WATCH · Choosing a Tech Partner_
The Advisory System That Was Never Designed to Stay
Saleem Beg · Founder, Teque
● 1:43 · Posted 3 months ago
KEY TAKEAWAYS_
- The spectrum runs from gut instinct to external consultancy — and every option leaves you alone at the critical moment
- The advisory model is built to deliver a document, not to carry knowledge forward
- Before any significant decision, ask: who in this process is independent, qualified, and still here in twelve months?
TRANSCRIPT_
Every business leader I've spoken to has made at least one major technology decision completely alone. Not because they wanted to but because there was nobody else qualified to make it. Now there is a spectrum to this. At one end the CEO who just decides you know gut instinct vendor presentation a conversation with someone who seems credible. A bit further along, the
manager who gets handled the responsibility because well, someone has to own it despite digital strategy never being their skill set and everyone quietly knows that too. And at the best end, at the genuinely good end, the business that brings in an external consultancy to write the tender scope properly good advice for that specific decision and then the consultancy
finishes and leaves. So here's why it keeps happening. Every option on that spectrum was designed for a transaction, not a relationship. The vendor just wants to sell. The manager wants to help.
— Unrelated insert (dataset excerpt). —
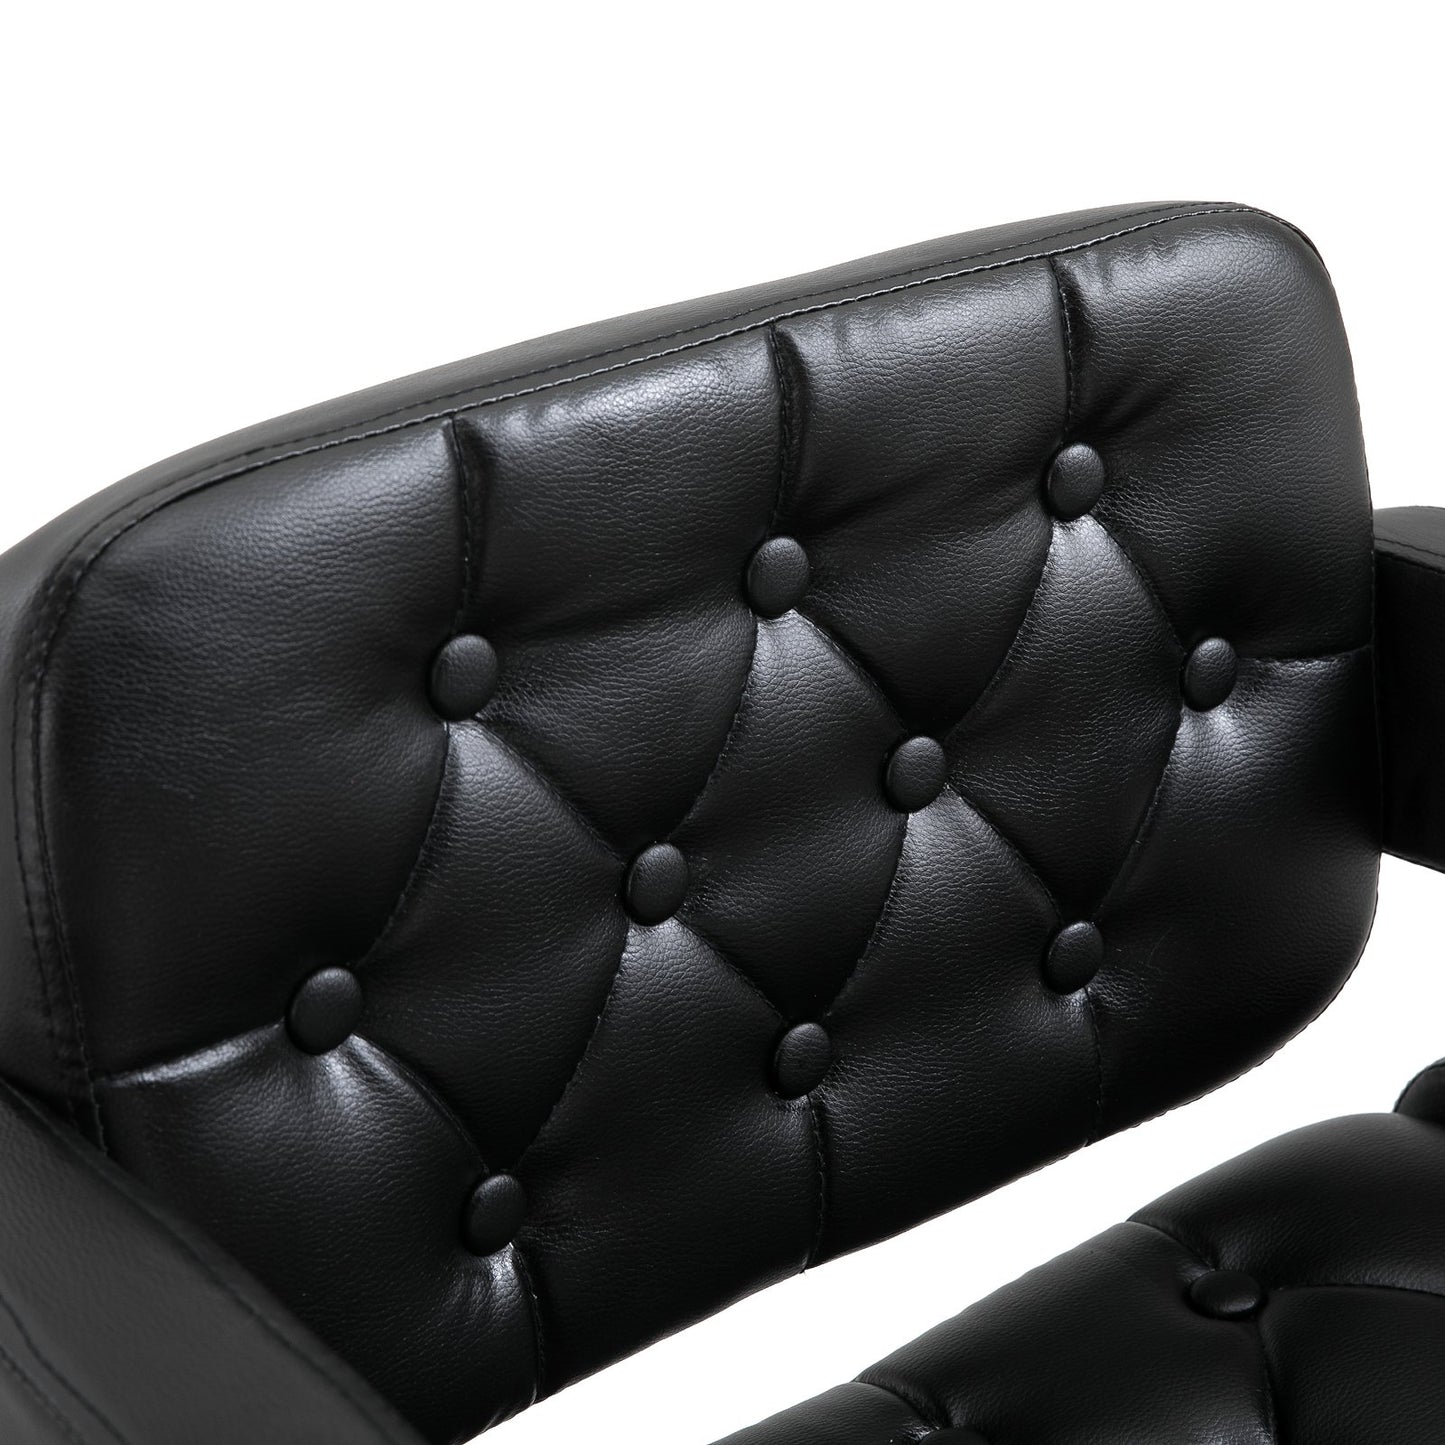 HOMCOM PU Leather Kitchen Bar Stools Swivel Bar Chairs W/Chrome Metal Base - Black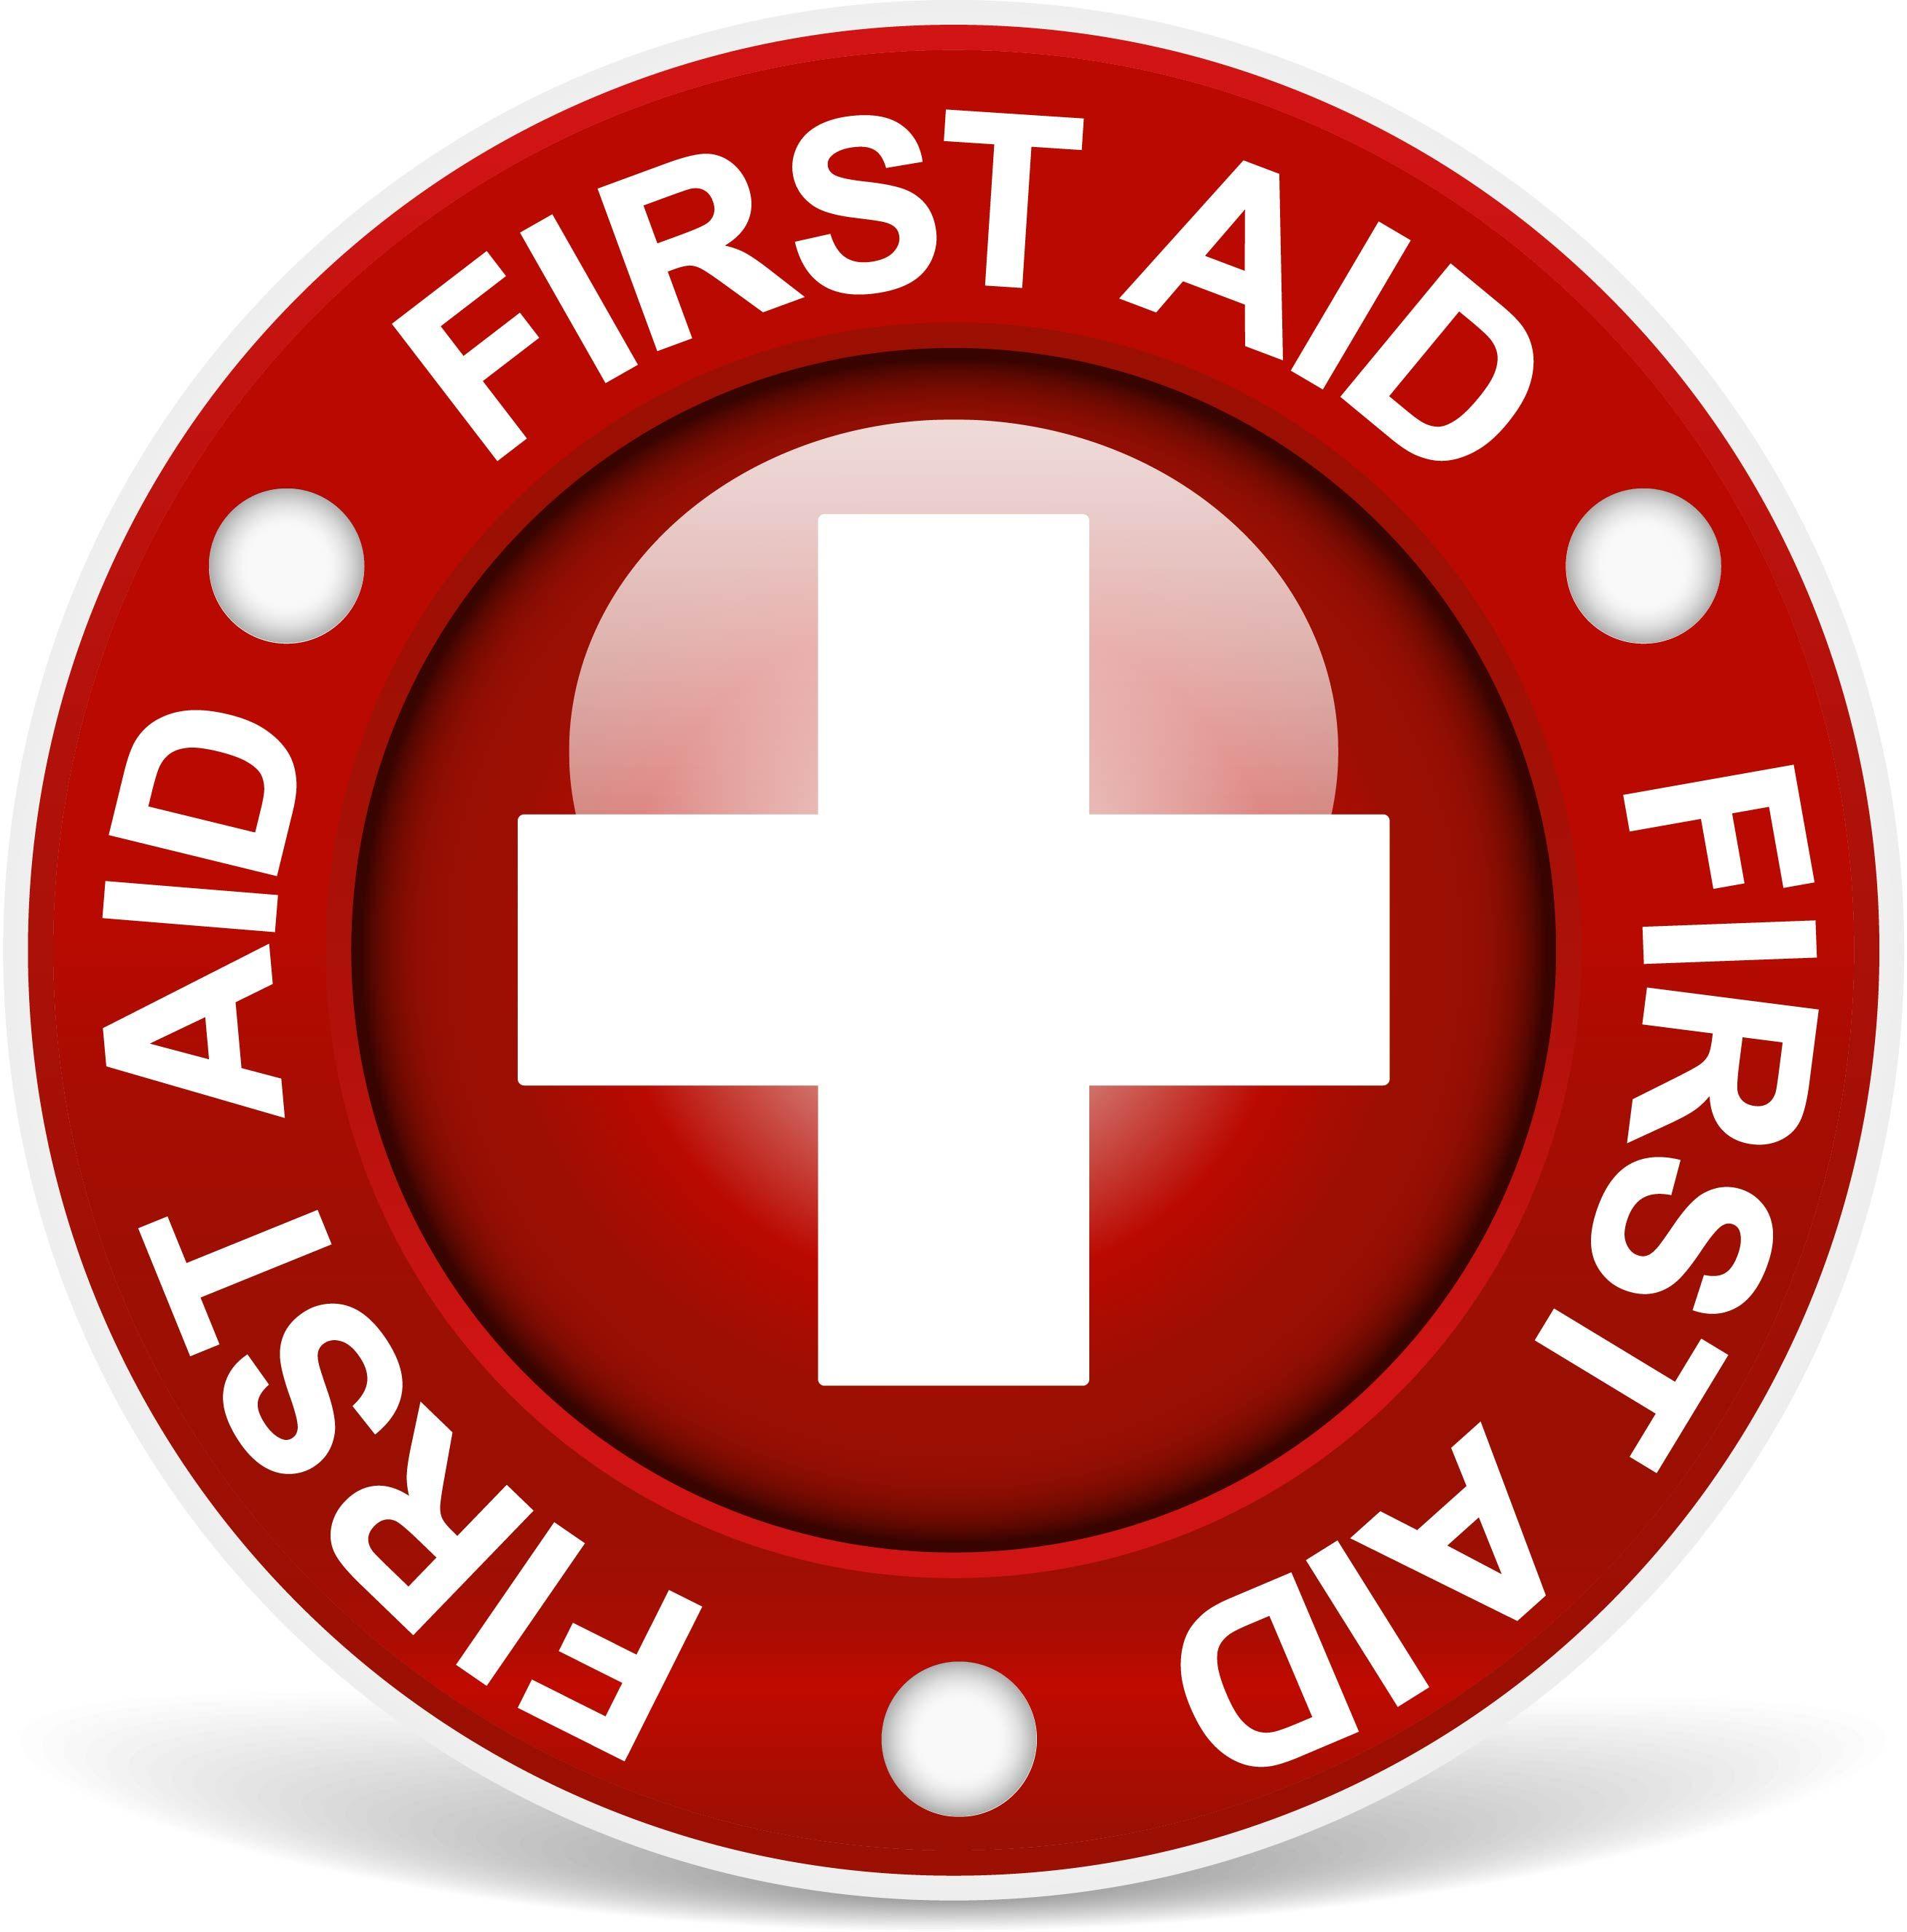 2619x2654px 318.1 KB First Aid

The consultancy wants to deliver the document, but none of them are structured to stay, to watch, to carry the institutional knowledge forward. So what do you do about it? Well, before
your next significant technology decision, ask one question. Who in this process is independent, qualified, and still here in 12 months? If the answer is nobody, that's the gap worth addressing first.
“Who in this process is independent, qualified, and still here in 12 months?”